◆ **GIVEN INFORMATION**:
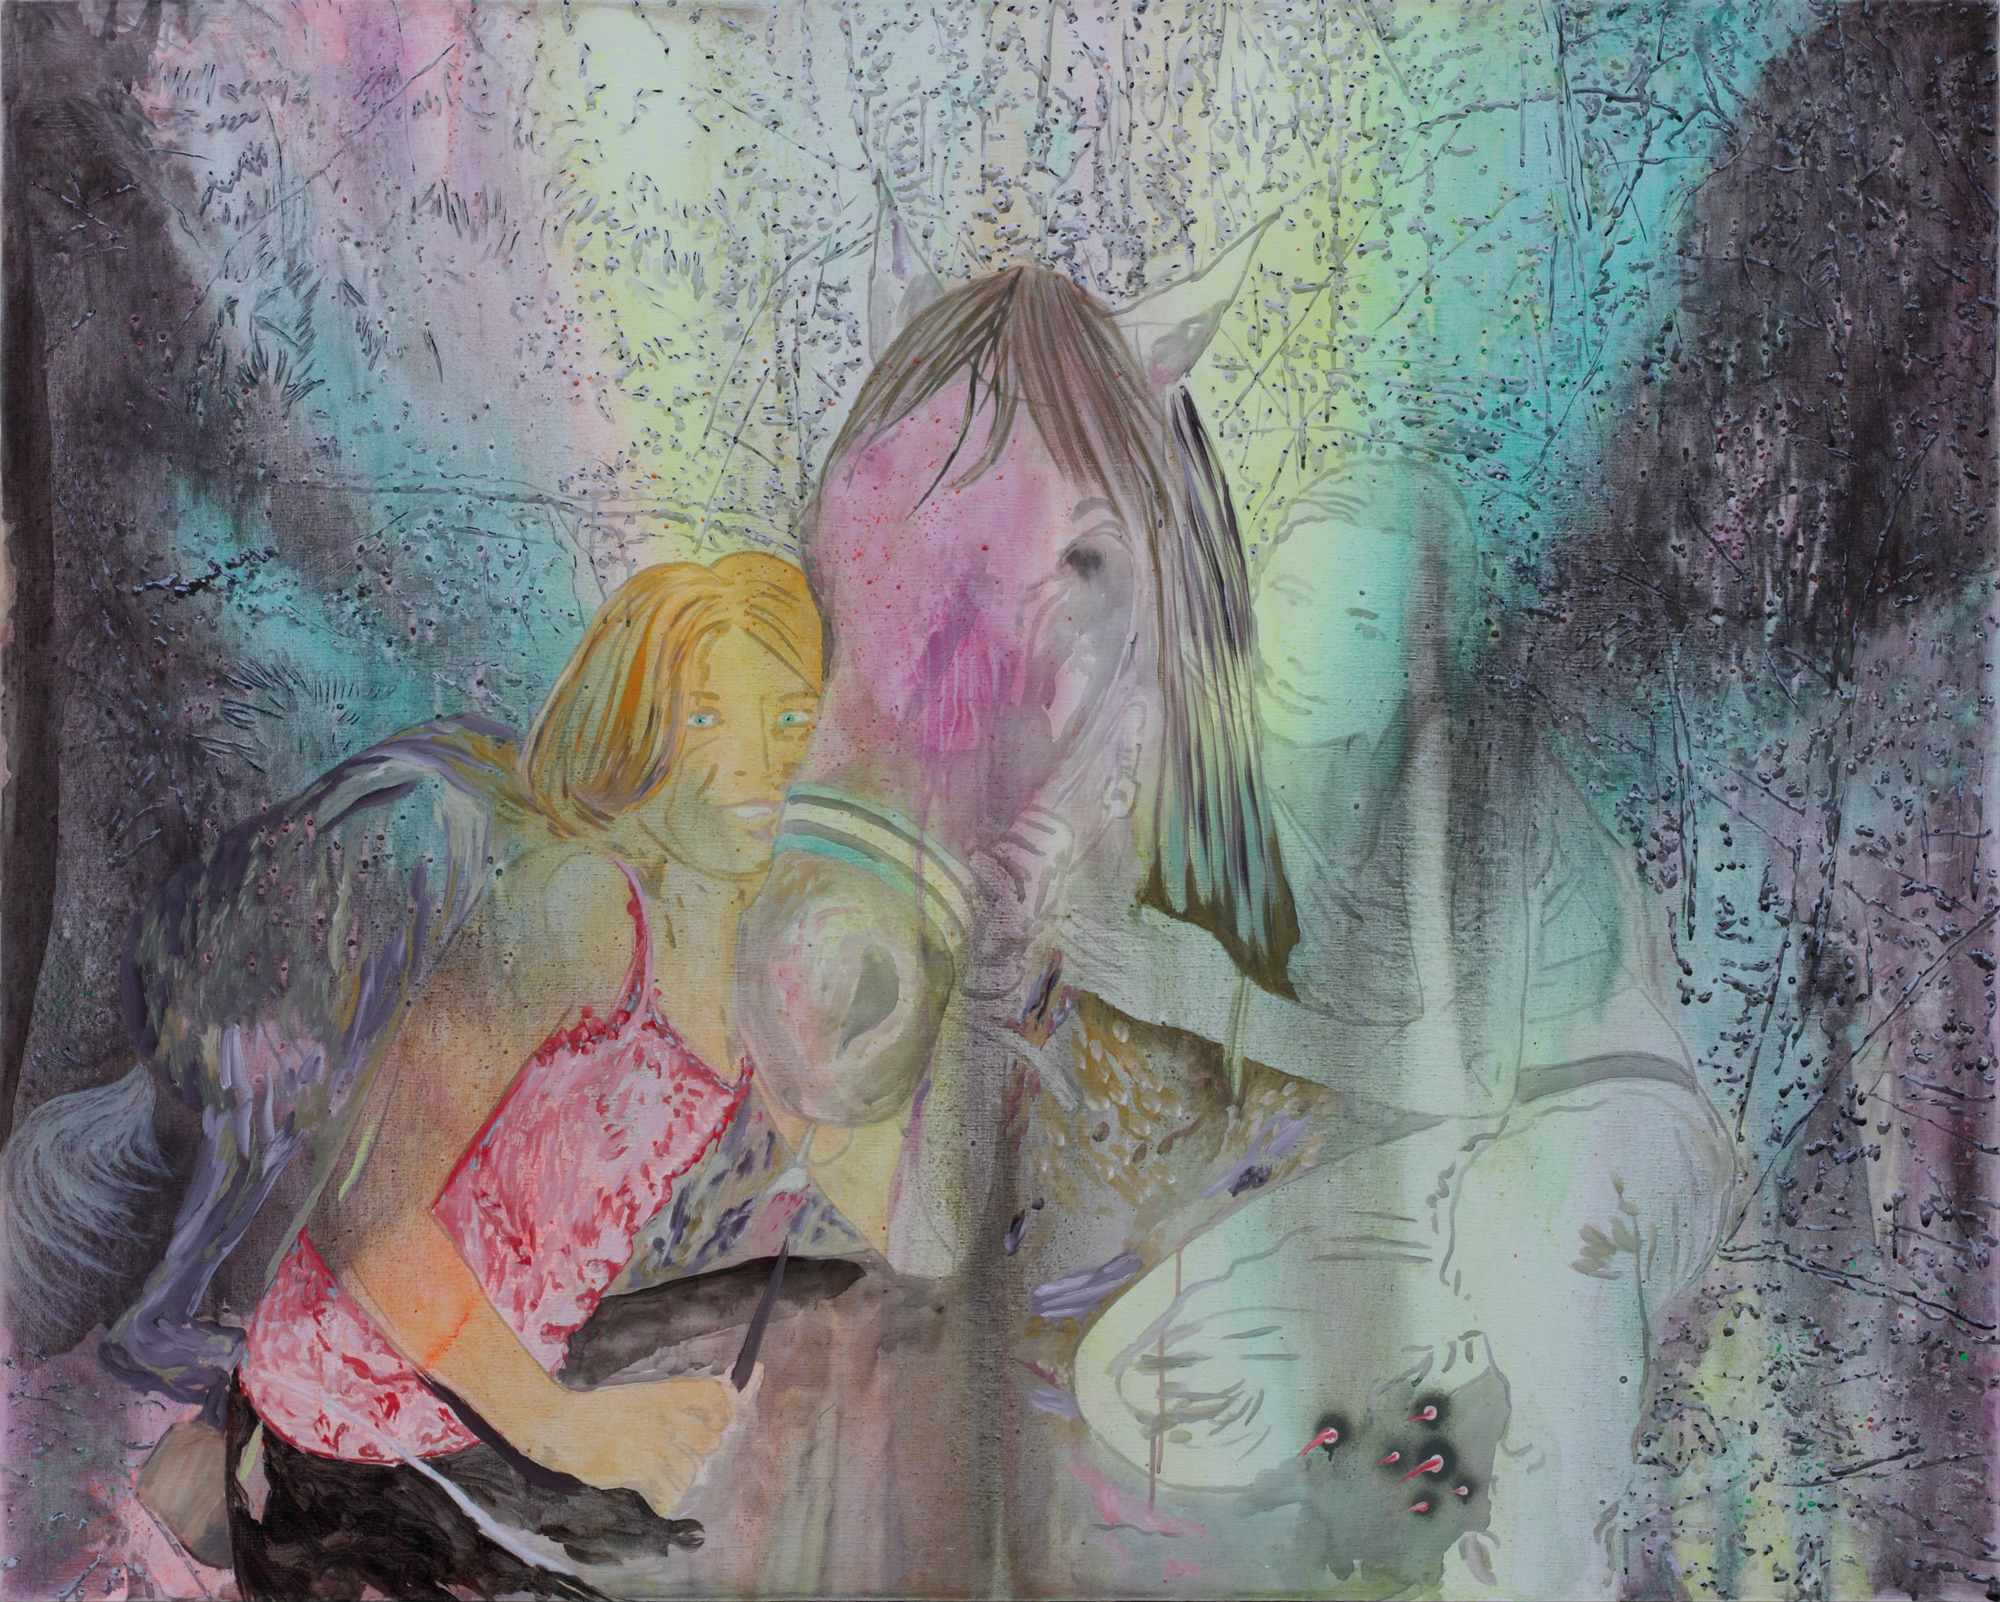 La fausse meilleure amie, Marc Molk, 2010, huile et acrylique sur toile, 130 x 162 cm
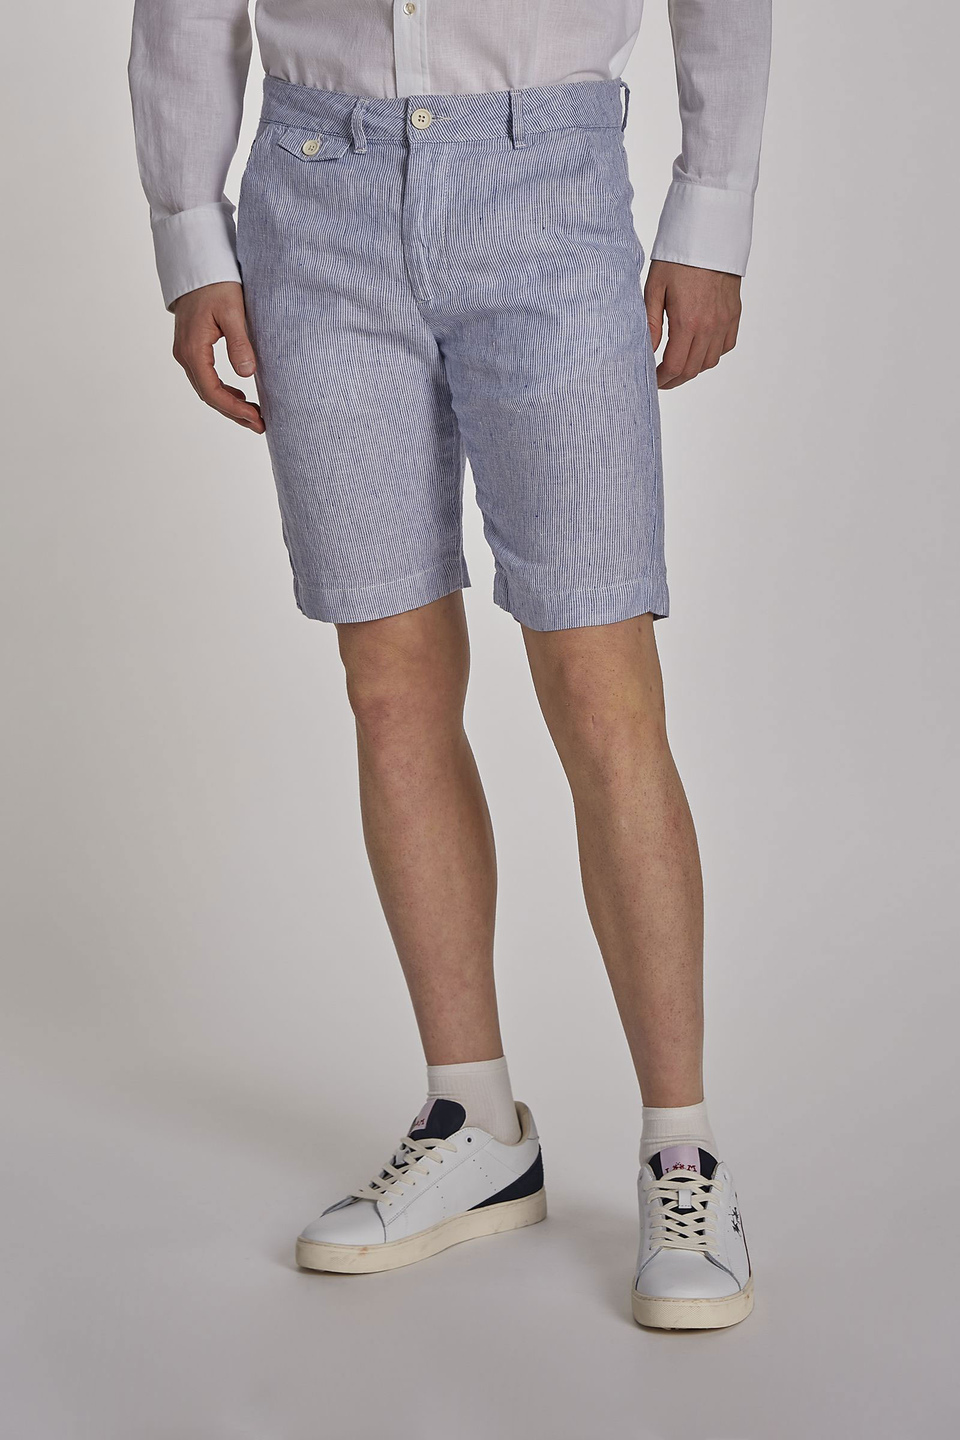 Men's regular-fit linen Bermuda shorts - La Martina - Official Online Shop
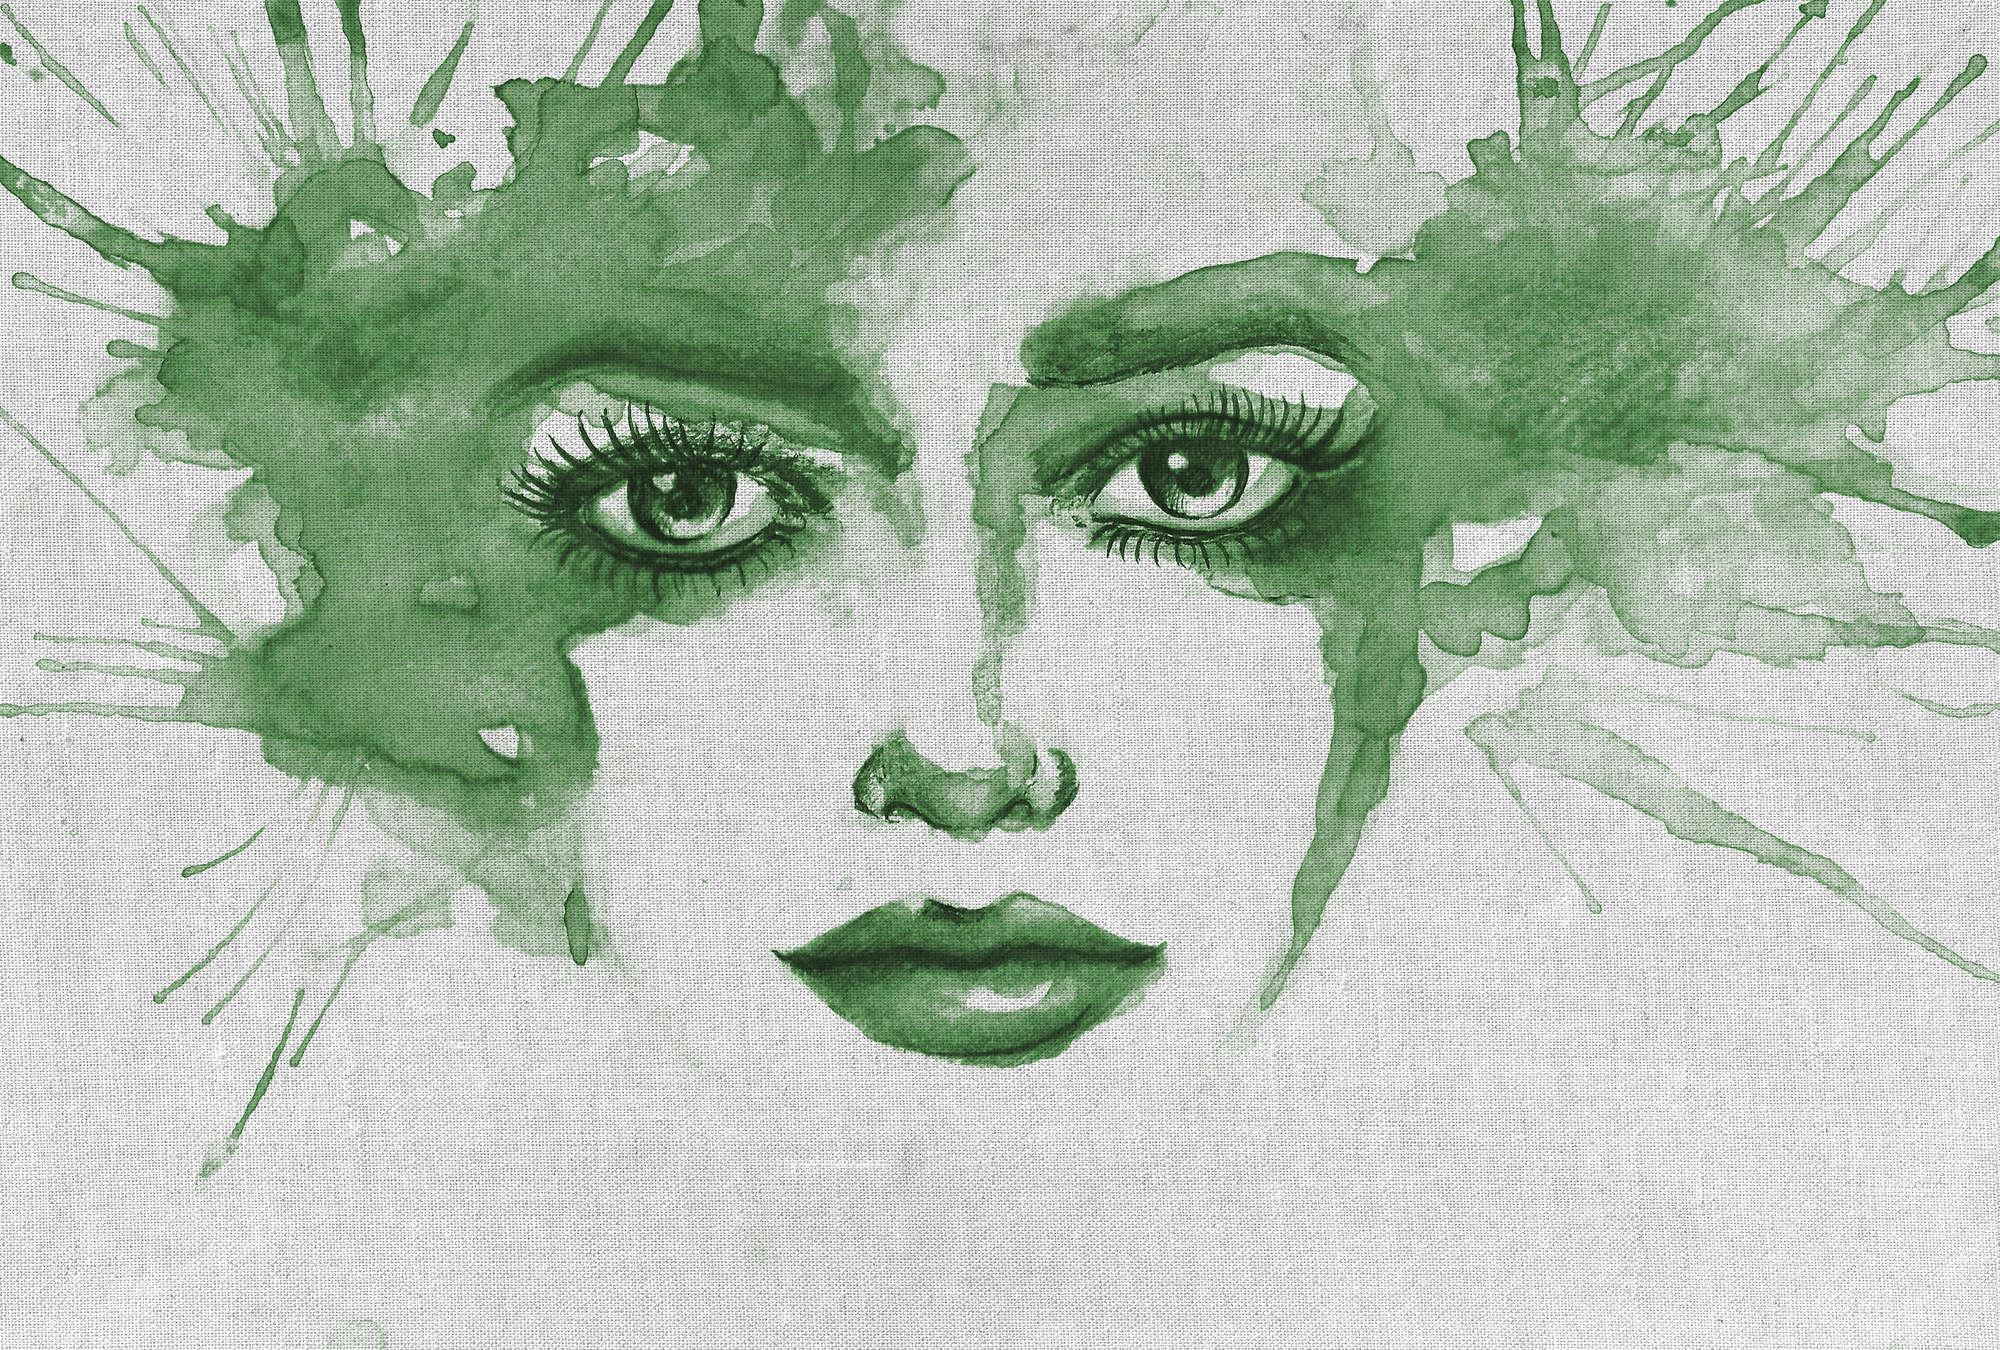             Papier peint artistique Aquarelle & visage de femme - Vert

◆ **EXERCISE AIM**: For this exercise, transcribe the data exactly but without its pictures.

◆ **COMPLETED EXERCISE**:
 La fausse meilleure amie, Marc Molk, 2010, huile et acrylique sur toile, 130 x 162 cm
 Men's regular-fit linen Bermuda shorts - La Martina - Official Online Shop
             Papier peint artistique Aquarelle & visage de femme - Vert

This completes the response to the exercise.